Bid to Settle Homeless Suit Causes No Celebration on Skid Row

Business owners and others say a city proposal to outlaw daytime tent cities will do little and may make matters worse.
By Ashraf Khalil and Richard Winton, Times Staff Writers
September 20, 2006
From the vantage point of her family's Sensy Gifts store, Yvonne Song has witnessed the daily push and pull of the downtown district's struggle with its burgeoning homeless problem.

Almost every morning, she and her sisters arrive to find residents of Los Angeles' skid row asleep in front of their metal security door.

 
Invariably, she finds the storefront littered with crack pipes and human waste.

"We don't really mind them sleeping here if they just pick up after themselves," said Song, whose family has owned the storefront on 5th Street for eight years. "I just don't like the drug paraphernalia and the excrement."

So Song and others who live and work around skid row don't share the excitement many city officials are expressing over a proposed settlement to an ACLU lawsuit challenging the way authorities police skid row.

Although Police Chief Bratton says the settlement would allow the city to push forward with a cleanup of skid row, Song doubts it would significantly alter the area's bleak landscape.

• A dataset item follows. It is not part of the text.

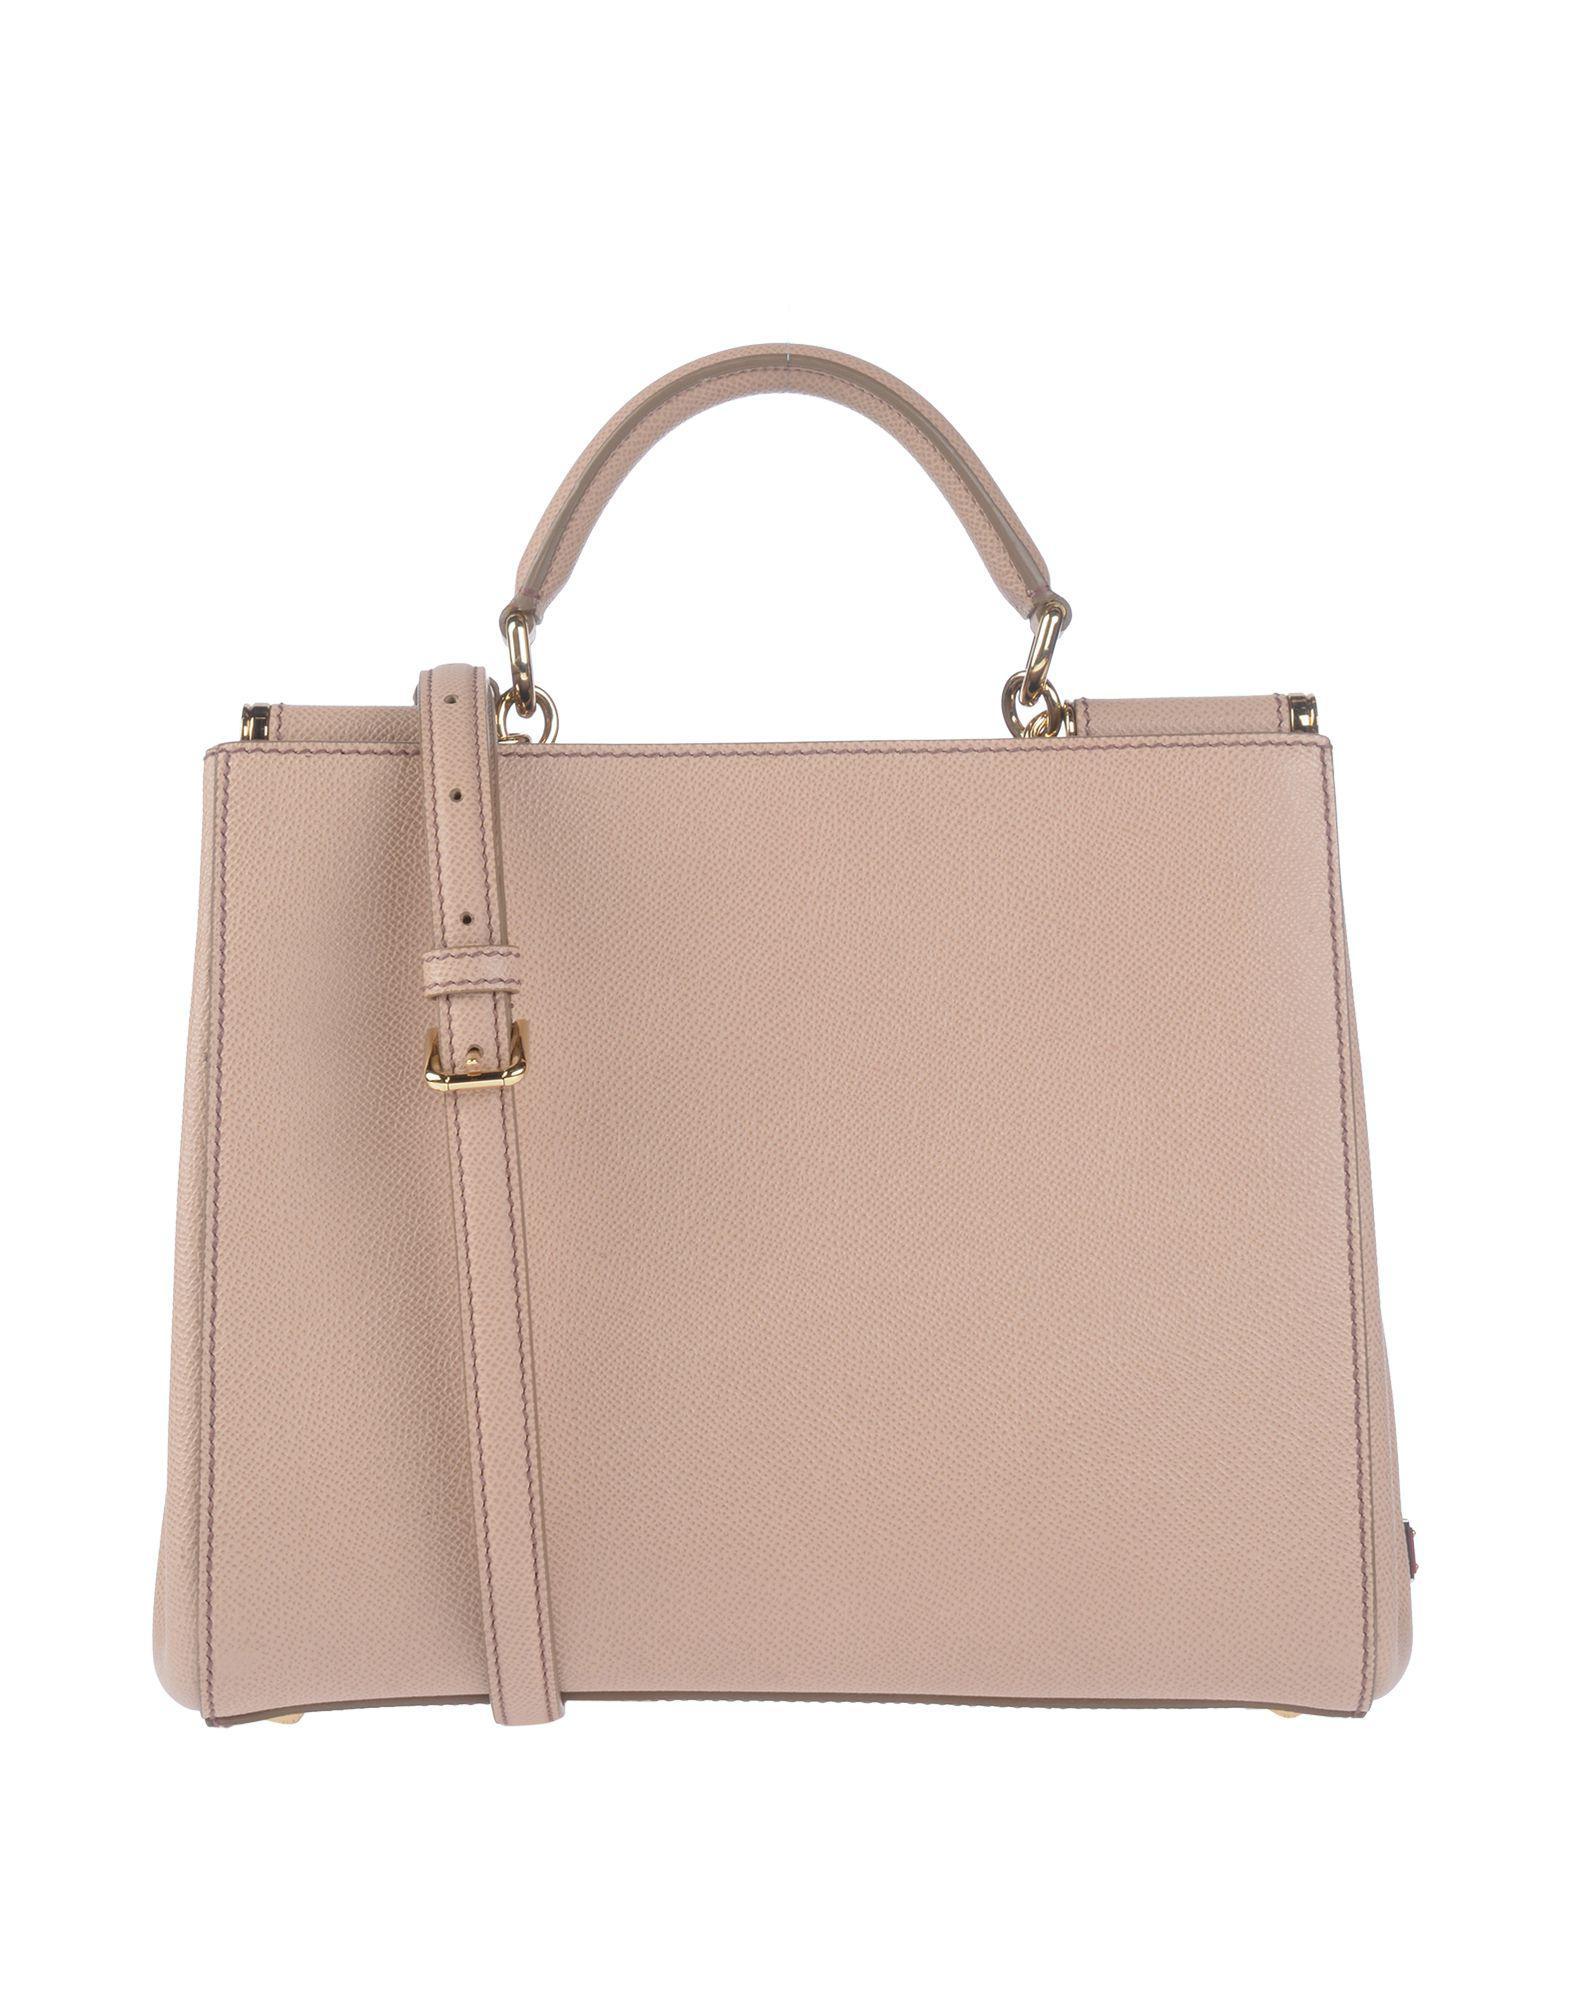 Lyst - Dolce   Gabbana Handbag in Pink f53ff6ab6ba77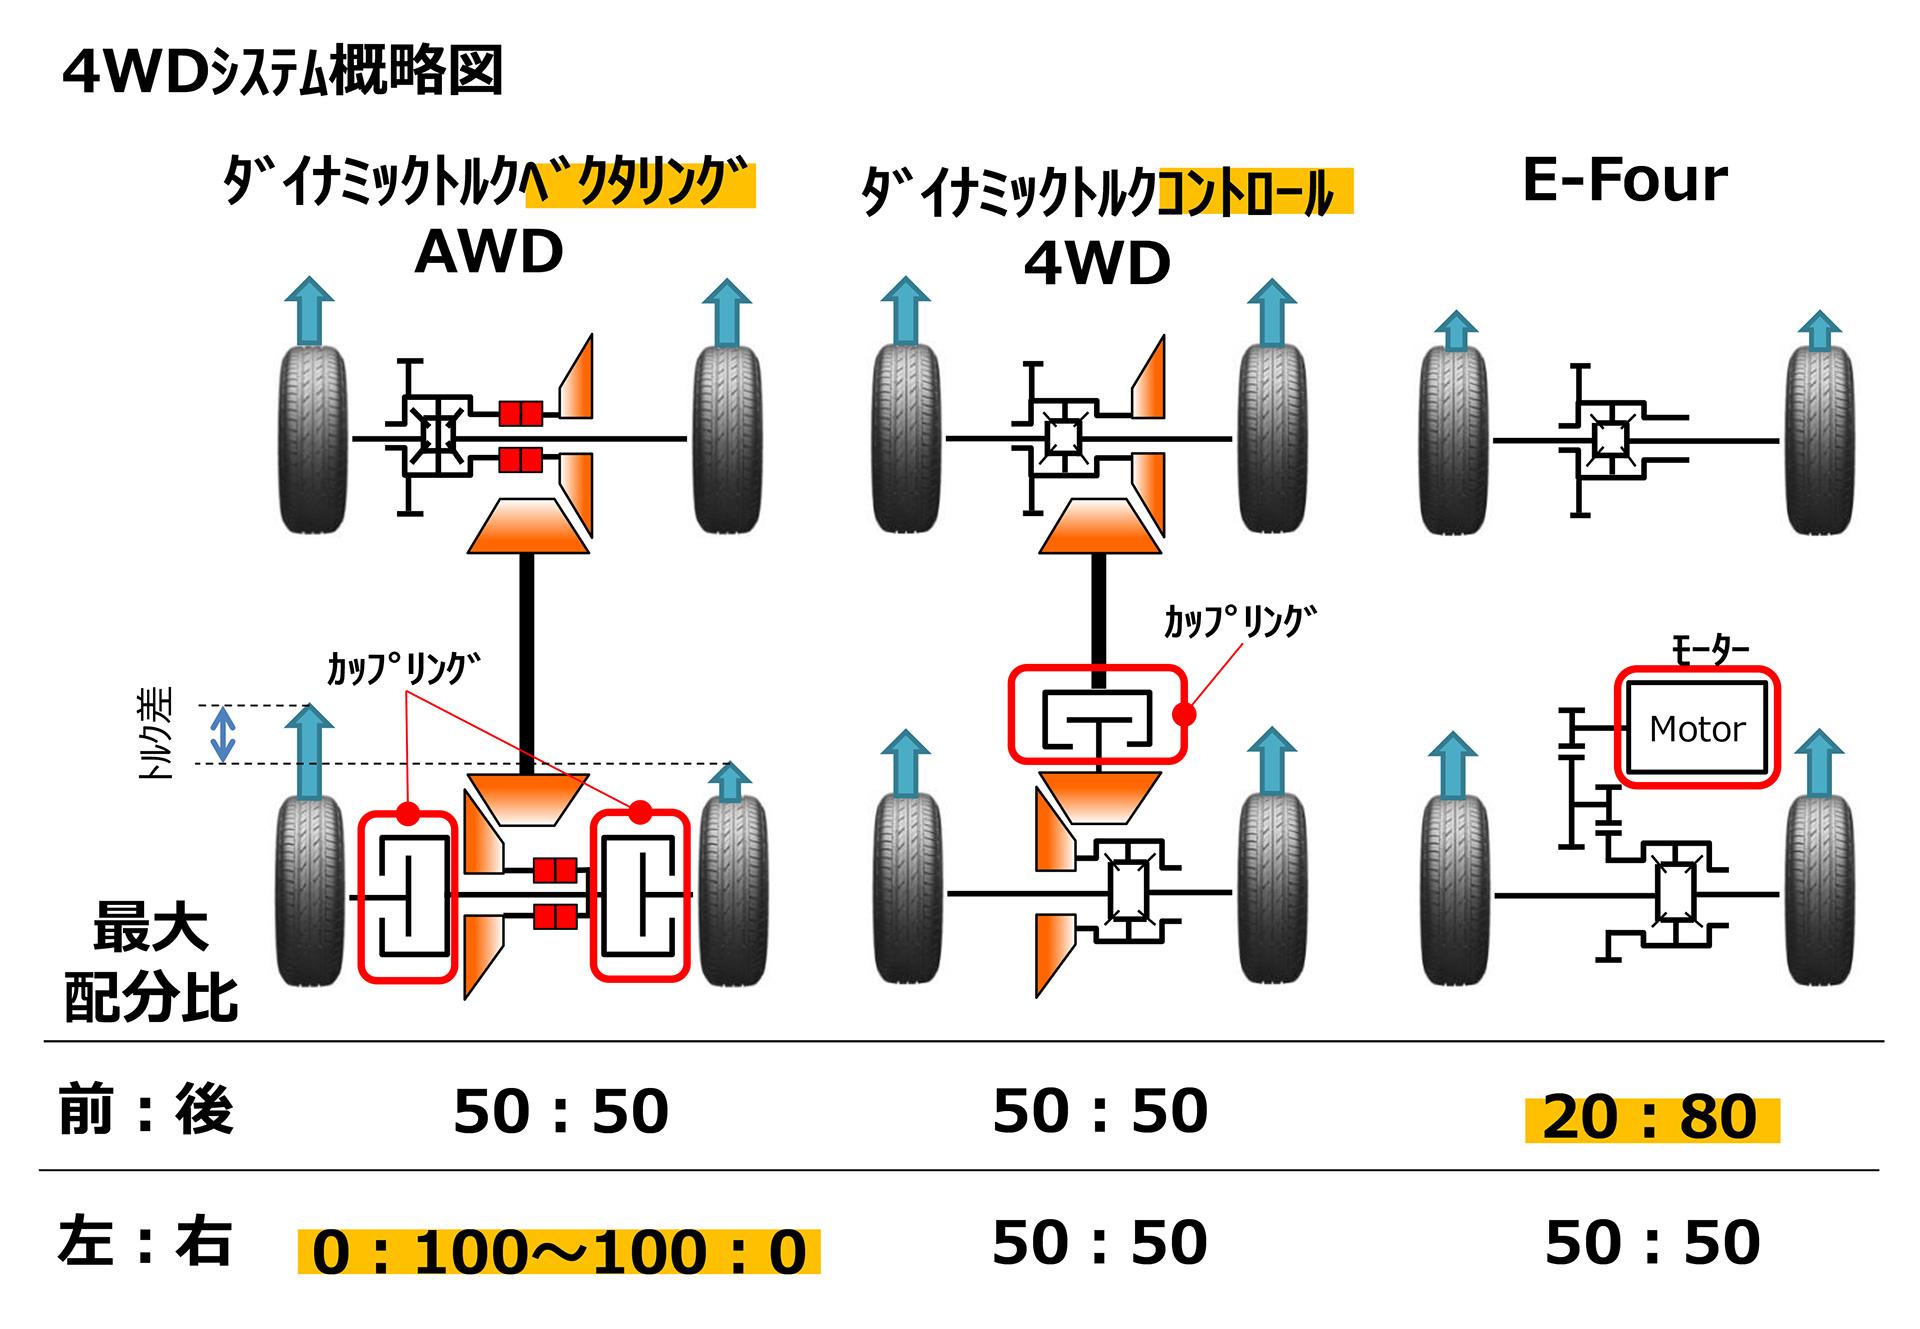 4WDシステム概略図

"Nothing will change for us," said Song. "They're already here every day."

The compromise, which the Los Angeles City Council will consider today, would allow police to arrest people camping, sleeping or lying on skid row sidewalks between 6 a.m. and 9 p.m. It would also prohibit encampments at any time within 10 feet of a business or residential entrance.

The rules would prevent homeless people from creating tent cities during the day. But they would also essentially establish a zone — bounded by Central Avenue and Los Angeles, 3rd and 7th streets — where homeless people could sleep on sidewalks at night.

"It's a Band-Aid on a gaping wound," said Richard McDowell, an artist and downtown resident who has placed mock street signs around downtown proclaiming areas such as "Heroin Row."

"Nobody's actually doing anything to help these people."

Some worry the rules could actually make things worse. Will more homeless people flock to skid row at night because they can set up tents without government interference?

Orlando Ward of the Midnight Mission said he doesn't know but wants the city to find out before pushing forward.

"I wish they could do this for a while before they sign anything," Jones said. "Are we going to have two different skid rows — one before 6 a.m. and one after 6 a.m.? We are going to have to wait and see."

The agreement would end a four-year stalemate that Bratton said has stymied his department's effort to clean up skid row.

The American Civil Liberties Union sued the city in 2003 on behalf of homeless people arrested for sleeping on the streets of skid row. A federal appeals court in April ruled in the ACLU's favor, saying the Los Angeles Police Department cannot arrest people for sitting, lying or sleeping on public sidewalks in skid row. Such enforcement would amount to cruel and unusual punishment because there are not enough shelter beds for the city's homeless population, the court ruled.

For now, private security guards working for the business group Central City East Assn. remove apparently abandoned tent encampments.

On Tuesday, a group of private officers left warning tags on a makeshift tent made out of several shopping carts draped in a tarp at 4th Street and Towne Avenue.

When they returned several hours later and found the tent still unoccupied, they took it apart, loaded the contents into plastic trash bags and hauled them to their warehouse.

"The goal is to keep the streets clean," said Vicky McCormick, the security operations manager.